• What you are asked to do
Give the listing again exactly, omitting its images.

• Data
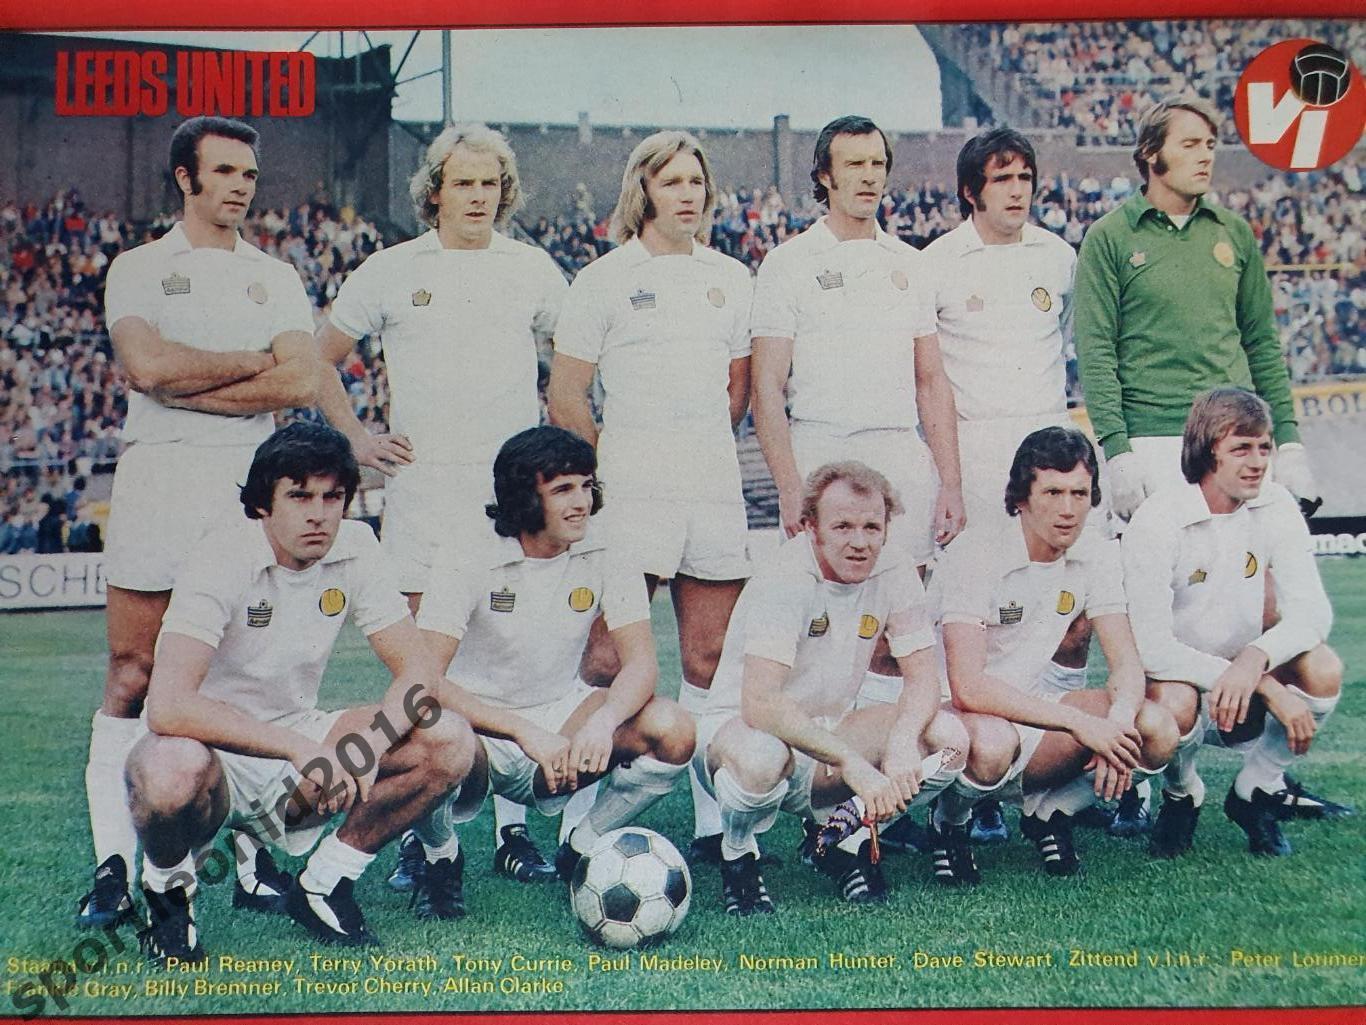 Voetbal International 1977 51 выпуск годовая подписка .2 2
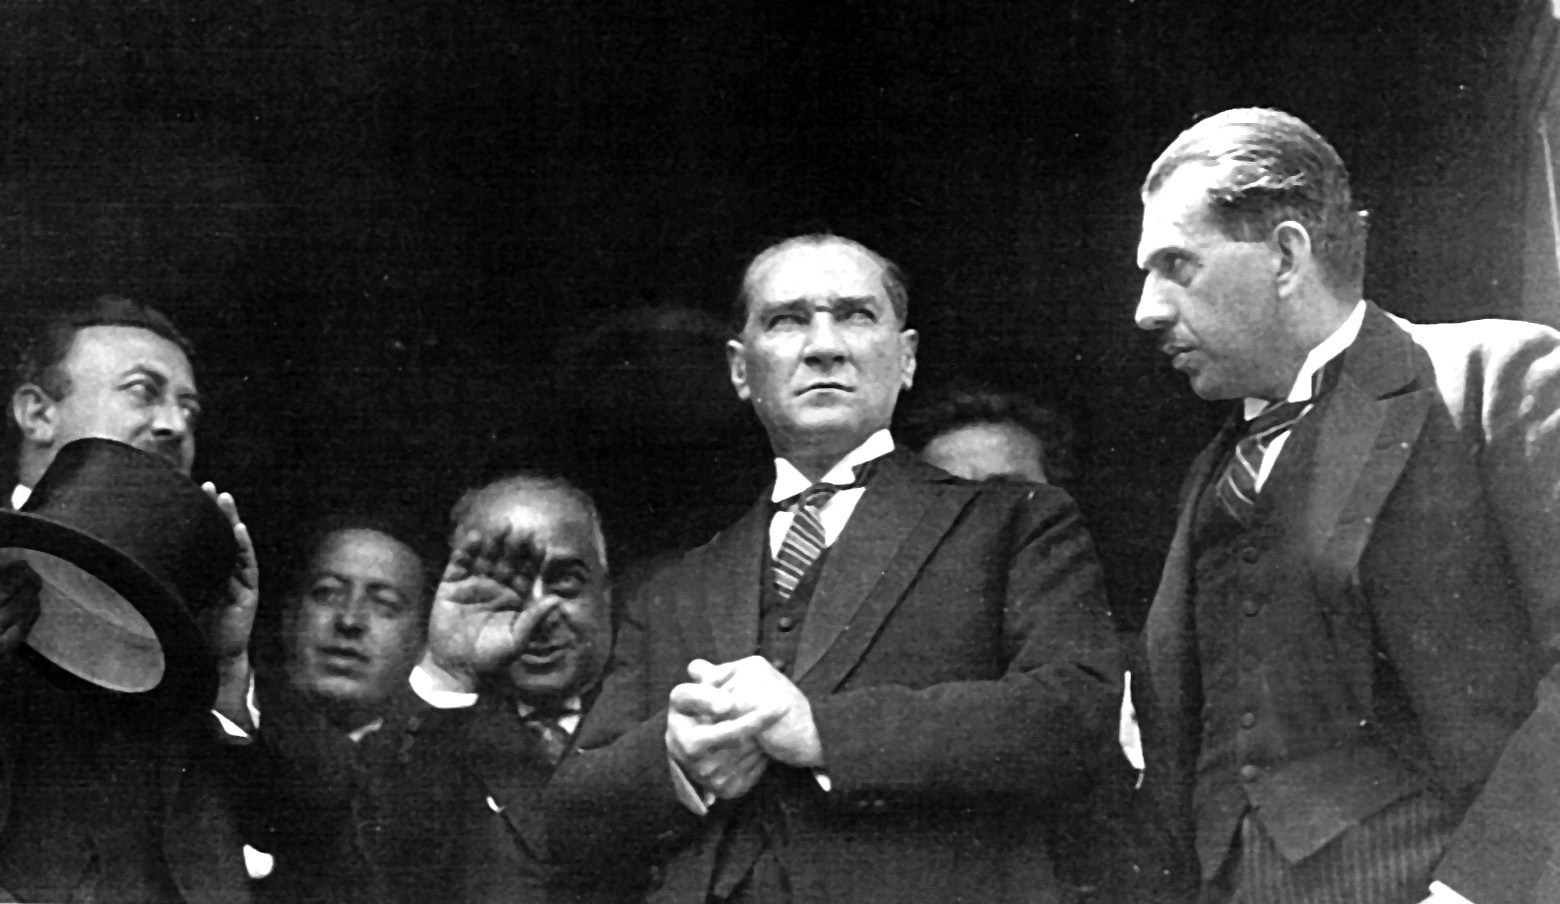 Mustafa Kemal Atatürk ou le fondateur de l'Etat turc moderne. © Revue des desux Mondes.
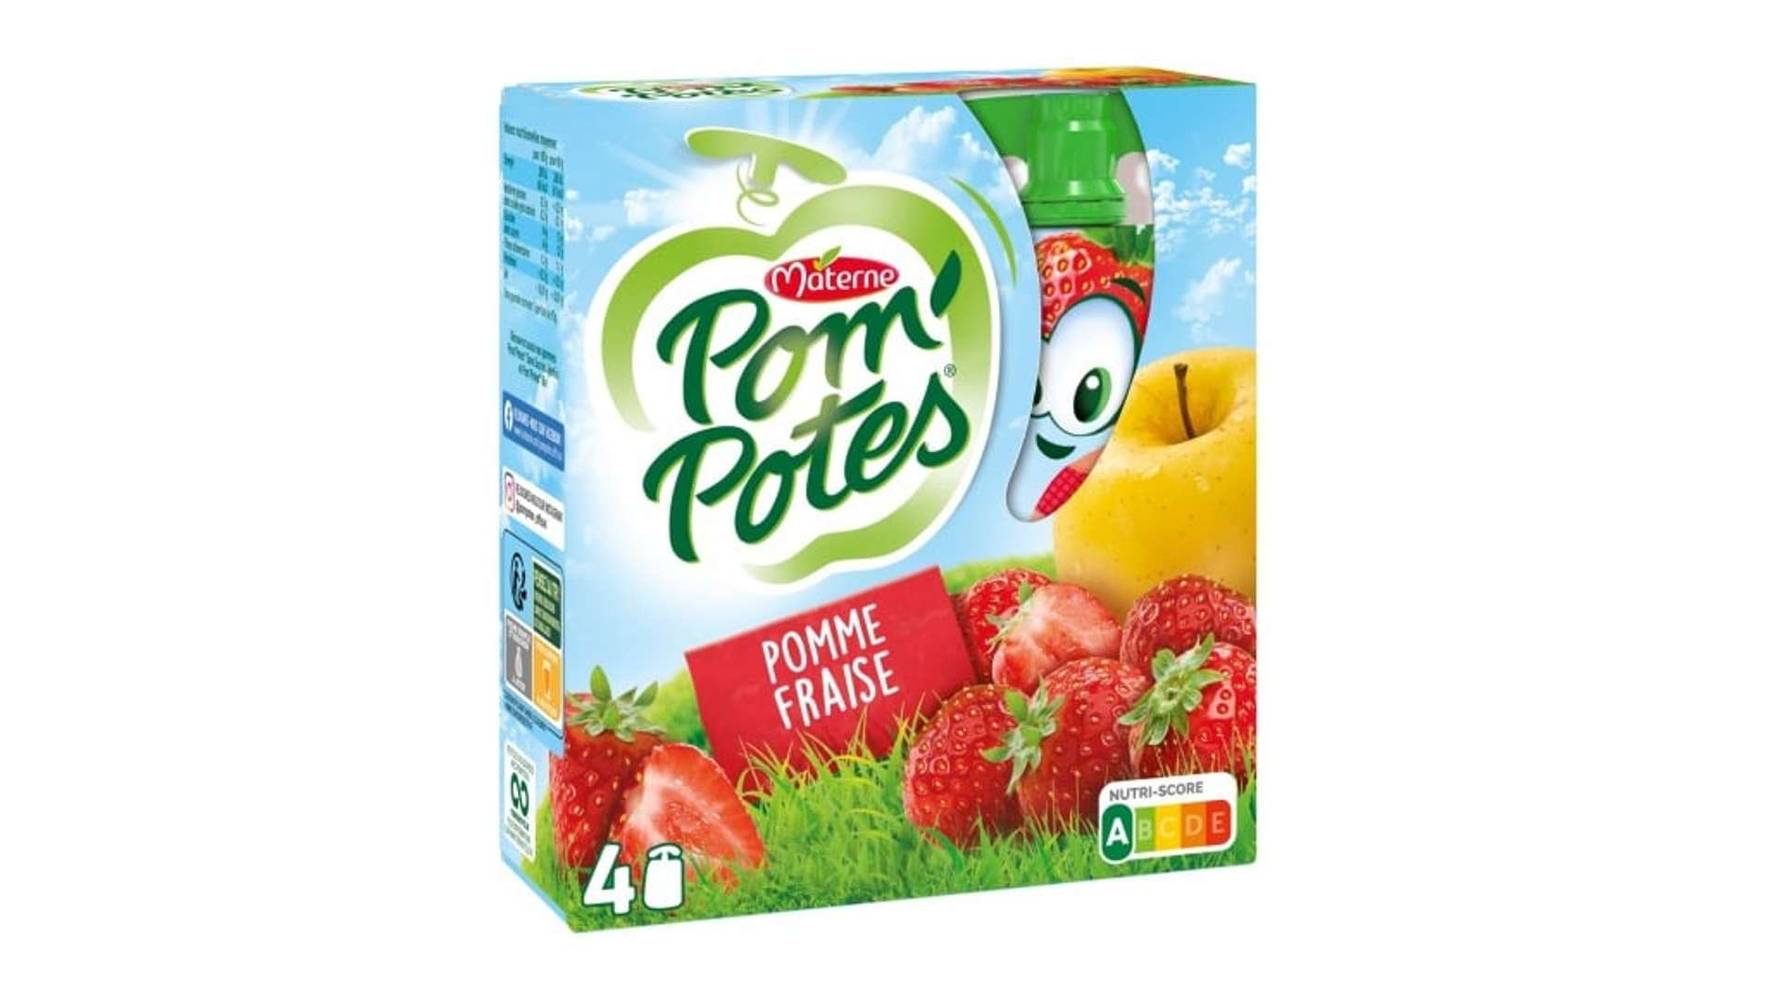 Materne - Pom' potes compotes en gourde pomme fraise (4 pièces)
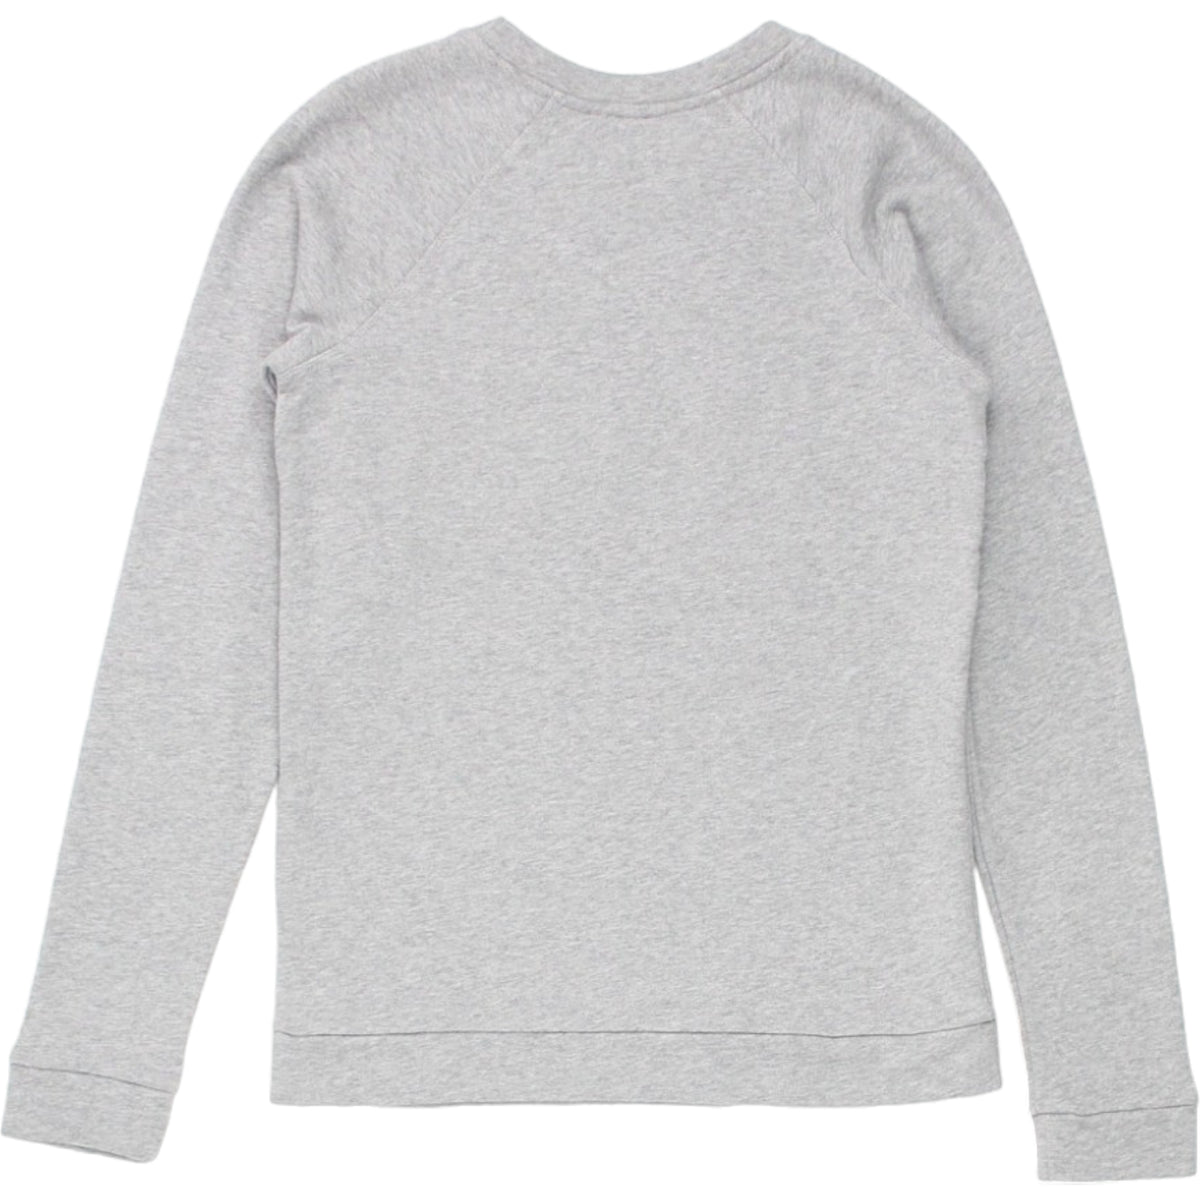 Bella Freud Grey Dance Sweatshirt

• Answer to the exercise
 Voetbal International 1977 51 выпуск годовая подписка .2 2
 Mustafa Kemal Atatürk ou le fondateur de l'Etat turc moderne. © Revue des desux Mondes.
 Materne - Pom' potes compotes en gourde pomme fraise (4 pièces)
 Bella Freud Grey Dance Sweatshirt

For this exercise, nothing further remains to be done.